2021-TIOL-31-HC-ALL-GST
G K Trading Company Vs UoI
GST - Allegation is that I nput Tax credit ( ITC ) is taken on the basis of invoices M/s Glider Traders Private Ltd., whose registration was cancelled several months prior to the date of the alleged invoice - It is the case of the petitioner that s ince inquiry has already been initiated by the respondent no.5 [Assistant Commissioner (SIB), Commercial Tax, Range-C, Ghaziabad], therefore, the respondent nos. 3 and 4 [Directorate General of Goods and Services Tax Intelligence, Meerut Zonal Unit, Meerut] cannot initiate any inquiry against the petitioner in view of the provisions of Section 6(2)(b) of U.P. GST Act, 2017.
Held: [para 10, 12, 14 to 19]
+ The words "subject-matter", "proceedings" and "inquiry" have not been defined either under the State G.S.T. Act or the Union Territory G.S.T. Act or the C.G.S.T. Act. Therefore, these words have to be interpreted in the context of the aforesaid Acts.
+ The word "inquiry" in Section 70 has a special connotation and a specific purpose to summon any person whose attendance may be considered necessary by the proper officer either to give evidence or to produce a document or any other thing. It cannot be intermixed with some statutory steps which may precede or may ensue upon the making of the inquiry or conclusion of inquiry. The process of inquiry under Section 70 is specific and unified by the very purpose for which provisions of Chapter XIV of the Act confers power upon the proper officer to hold inquiry. The word "inquiry" in Section 70 is not synonymous with the word "proceedings" in Section 6(2)(b) of the U.P.G.S.T. Act/ C.G.S.T. Act.
+ Provisions of Section 70 have been enacted for collecting evidence in matters involving tax evasion which may also lead to confiscation. After inquiry is completed and materials for tax not paid or short paid or erroneously refunded or input tax credit wrongly availed or utilized, by reason of fraud or wilful misstatement or suppression of facts or otherwise are found, then it may lead to demands and recovery under Section 73 or Section 74, as the case may be.
+ When action for assessment, demand and penalty etc. including action under Section 73 or 74 is taken, that shall amount to "proceedings" referable to Section 6(2)(b) of the Act but the inquiry under Section 70 is not a proceeding referable to Section 6(2)(b) of the Act.
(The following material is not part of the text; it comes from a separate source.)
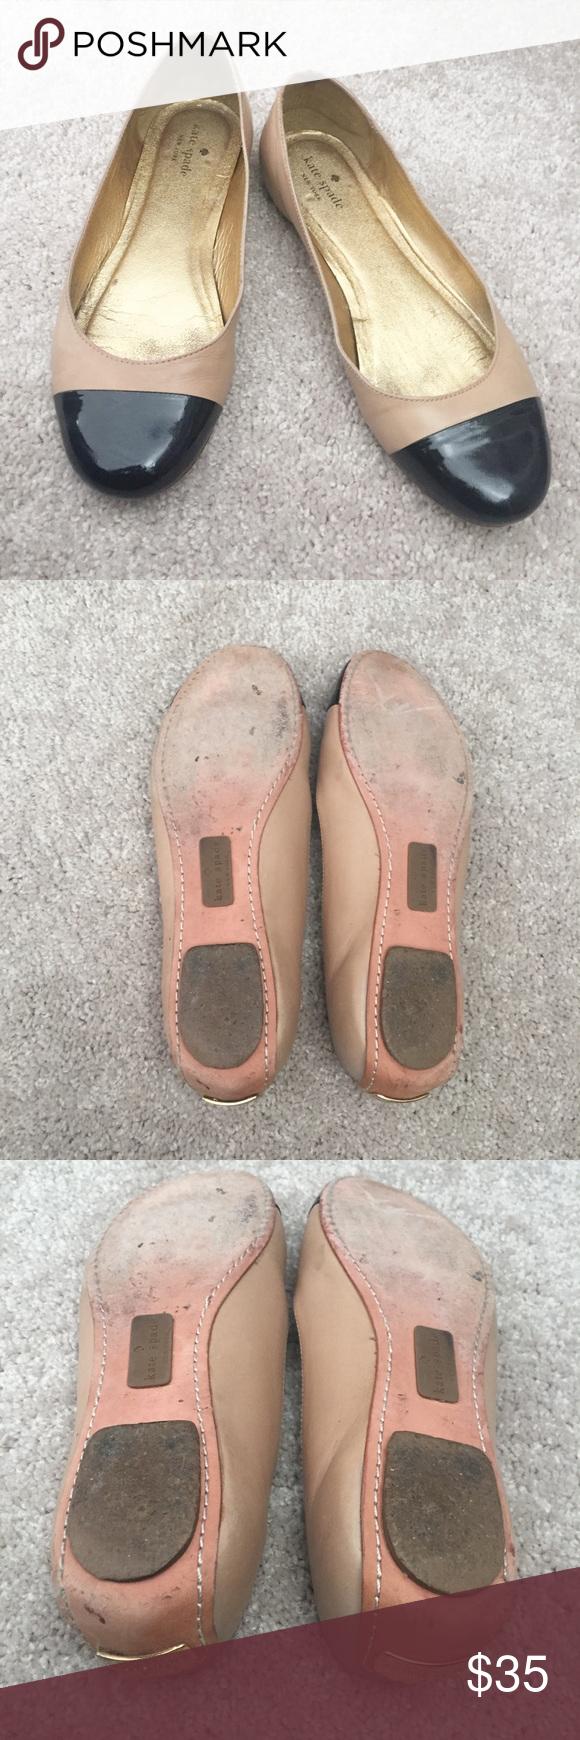 1d558e530a581 kate spade Black Cap Toe Leather Flats Size 8.5 Great condition black  patent cap toe flats

+ Thus, the phrase "subject-matter", or the phrase "on the same subject-matter", used in Section 6(2)(b) of the U.P.G.S.T. Act/ C.G.S.T. Act with reference to any proceedings, means same cause of action for the same dispute involved in a proceeding before proper officer under the U.P.G.S.T. Act and the C.G.S.T. Act.
+ Section 6(2)(b) prohibits initiation of proceedings by the proper officer under U.P.G.S.T. Act on the same subject-matter where a proper officer under the C.G.S.T. Act has initiated any proceedings on the same subject-matter subject to the conditions specified in the notification issued under sub-Section (1).
+ Section 6(2)(b) of C.G.S.T. Act imposes similar prohibition upon the proper officer under the C.G.S.T. Act. Thus, Section 6(2)(b) of the C.G.S.T. Act/ U.P.G.S.T. Act prohibits initiation of any proceedings on the same subject-matter by a proper officer under the C.G.S.T. Act/ by a proper officer under the State G.S.T. Act, as the case may be, on the same subject-matter.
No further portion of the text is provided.